To study the oxidation state of Se, B, N, and C, X-ray photoelectron spectroscopy (XPS) analysis was further carried out. The XPS survey of SeBN-C-1100 shows five peaks that correspond to Se 3d (56.8 eV), B 1s (183.8 eV), C 1s (284.8 eV), N 1s (399.2 eV), and O 1s (532.5 eV), respectively (Figure S14). The Se, B, and N atoms account for 0.3, 1.5, and 2.6% in the electrocatalyst, respectively (Figure S15). In a close-up view, the high-resolution XPS spectrum of Se 3d in Figure c shows two adjacent peaks at 56.3 and 57.6 eV, corresponding to the spin–orbit splitting of Se 3d5/2 and Se 3d3/2, respectively.[38] Meanwhile, the high-resolution XPS spectrum of B 1s (Figure d) shows three peaks at 190.5, 192.0, and 193.3 eV. These three peaks coincide with its three possible atomic structures, i.e., B–C–N, sp2-BN, and BN3, respectively, confirming that B has been doped atomically into the carbon matrix in different chemical environments.[39] Moreover, the N 1s spectrum (Figure e) shows that SeBN-C-1100 contains four N states, i.e., pyridinic N (398.4 eV), pyrrolic N (399.5 eV), graphitic N (401.2 eV), and oxidated N (402.9 eV).[40] In Figure f, the high-resolution XPS spectrum of C 1s shows expectedly four peaks, corresponding to C–B (284.5 eV), C–C (284.8 eV), C–N (285.1 eV), and C–Se (290.4 eV).[41−43]
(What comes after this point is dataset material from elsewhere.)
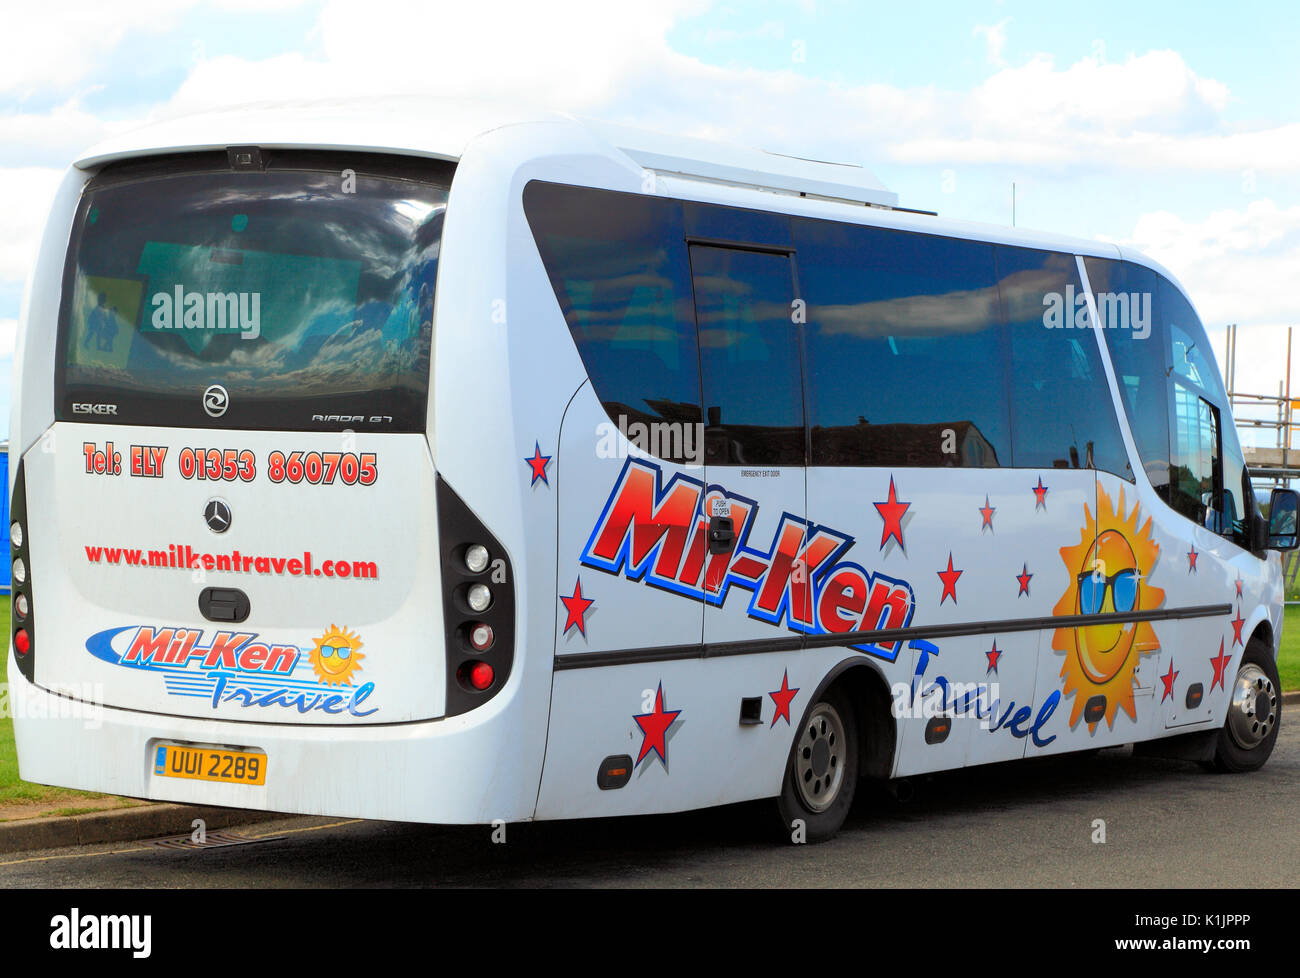 Viajes Mil-Ken, mini autobuses, autocares, excursiones de un día, excursiones, viajes, excursiones, empresa de viajes, empresas, Inglaterra, Reino Unido. Imagen De Stock

According to the above discussion, the excellent electrocatalytic performance of our metal-free SeBN-C-1100 catalyst can be presumably attributed to the following aspects: (i) Se’s high polarizability can enhance electron transport through the carbon skeleton and provide more active sites in CO2RR.[16] (ii) These ternary-doped carbon materials that simultaneously introduce Se, B, and N heteroatoms of different electronegativity can produce a structural synergy between the heteroatoms. Individually, Se atoms with semimetallic properties may lead to covalent edge doping, and the electron-deficient B atoms and electron-rich N atoms may lead to p-type and n-type doping, respectively, which offers a wide window to tune the physical and chemical properties of the porous carbon materials.[16] Not only the bulk but also the surface charge distribution on carbon is expected to be regulated by the three distinctive heteroatoms to build up more active sites. (iii) The optimal SeBN-C-1100 electrocatalyst has a sheet-like structure, which assists the ion transport and an enhanced contact between the reactants in the electrolyte and the electrocatalyst. All in all, the SeBN-C-1100 prepared from low-cost chemicals in a simple fabrication step is a cost-effective, scalable option for producing CO through CO2RR. It would provide a valuable reference for future preparation and study of multi-heteroatom-doped carbon electrocatalysts.

Conclusions

In conclusion, a series of metal-free porous SeBN-ternary doped porous carbons as electrocatalysts were prepared. The introduced Se, B, and N heteroatoms into the porous carbon network at 1100 °C offer the best electrocatalytic CO2RR activity in the production of CO at a FECO = 95.2% at −0.6 V. After a continuous 10 h electrolysis operation, the FECO and current density were maintained at 97.6 and 84.7% of the initial values, respectively, supporting its satisfactory durability. This SeBN-C electrocatalyst system has promising application prospects in catalyzing CO2RR and will provide a valuable example for Se-containing multi-heteroatom-doped carbon electrocatalysts in a future study.